Scalable toolkit for data curation
Apache License 2.0
327 stars 32 forks source link

[REVIEW] Add Resiliparse option for text extraction #128

Open sarahyurick opened 4 days ago

sarahyurick commented 4 days ago

Duplicate of https://github.com/NVIDIA/NeMo-Curator/pull/90 with successful DCO check.

Right now, we only support Common Crawl text extraction with jusText. Resiliparse is known to be a faster text extraction algorithm which may also produce better tokens.

This PR adds optional support for the Resiliparse algorithm while still keeping jusText as the default.

sarahyurick commented 1 day ago

Hi @ryantwolf this is ready for another review.

The only question I have is what you think the best way to go about adding the unit tests is? Locally I'm testing it with download_common_crawl.py but that seems a bit heavy for CI? Even doing a single snapshot with url_limit = 10 takes at least a couple minutes each to run.

Edit: Perhaps it may be sufficient to add examples of JusTextExtraction() and ResiliparseExtraction() to download_common_crawl.py?

ryantwolf commented 17 hours ago

The only question I have is what you think the best way to go about adding the unit tests is?

Good question. I wouldn't add a unit test for the download_and_extract. I would just target each algorithm's extract_text method. You could draft like one or two simple html pages and make a unit test using each algorithm. Just something to make sure the behavior stays consistent.

Perhaps it may be sufficient to add examples of JusTextExtraction() and ResiliparseExtraction() to download_common_crawl.py?
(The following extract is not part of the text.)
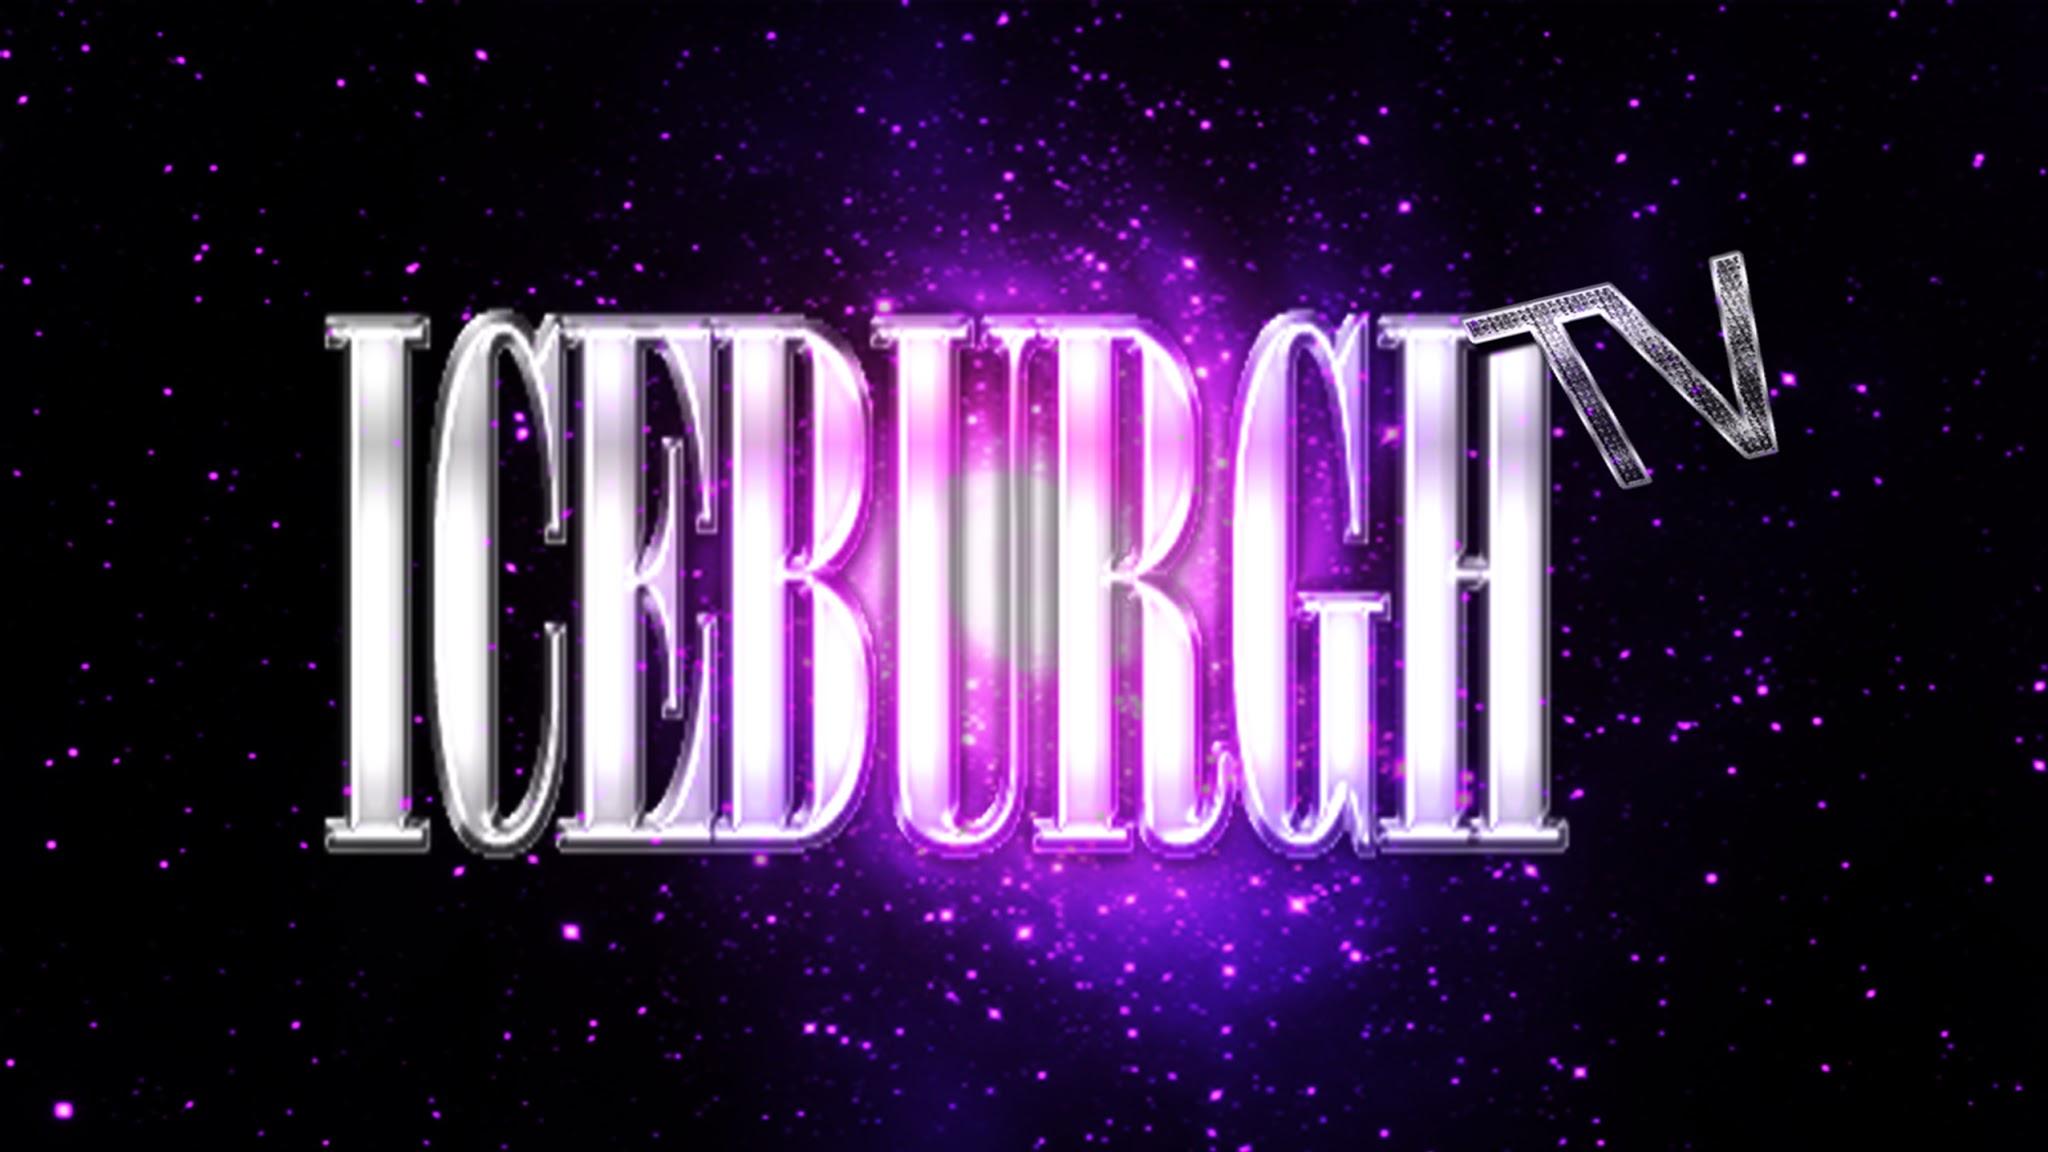 IceburghTV

It isn't a bad idea to showcase how users can change the algorithm. Do you mind updating the download.rst docs instead? I'm thinking right after we explain what output_type="jsonl" does you could add a snippet about the algorithm parameter. Or, you could add another small code block like

from nemo_curator.download import (
    download_common_crawl,
    ResiliparseExtraction,
)

# Change the extraction algorithm
extraction_algorithm = ResiliparseExtraction()
common_crawl = download_common_crawl(
    "/extracted/output/folder", 
    "2020-50",
    "2021-04",
    output_type="jsonl",
    algorithm=extraction_algorithm,
)
sarahyurick commented 16 hours ago

Thanks @ryantwolf ! Should be ready now.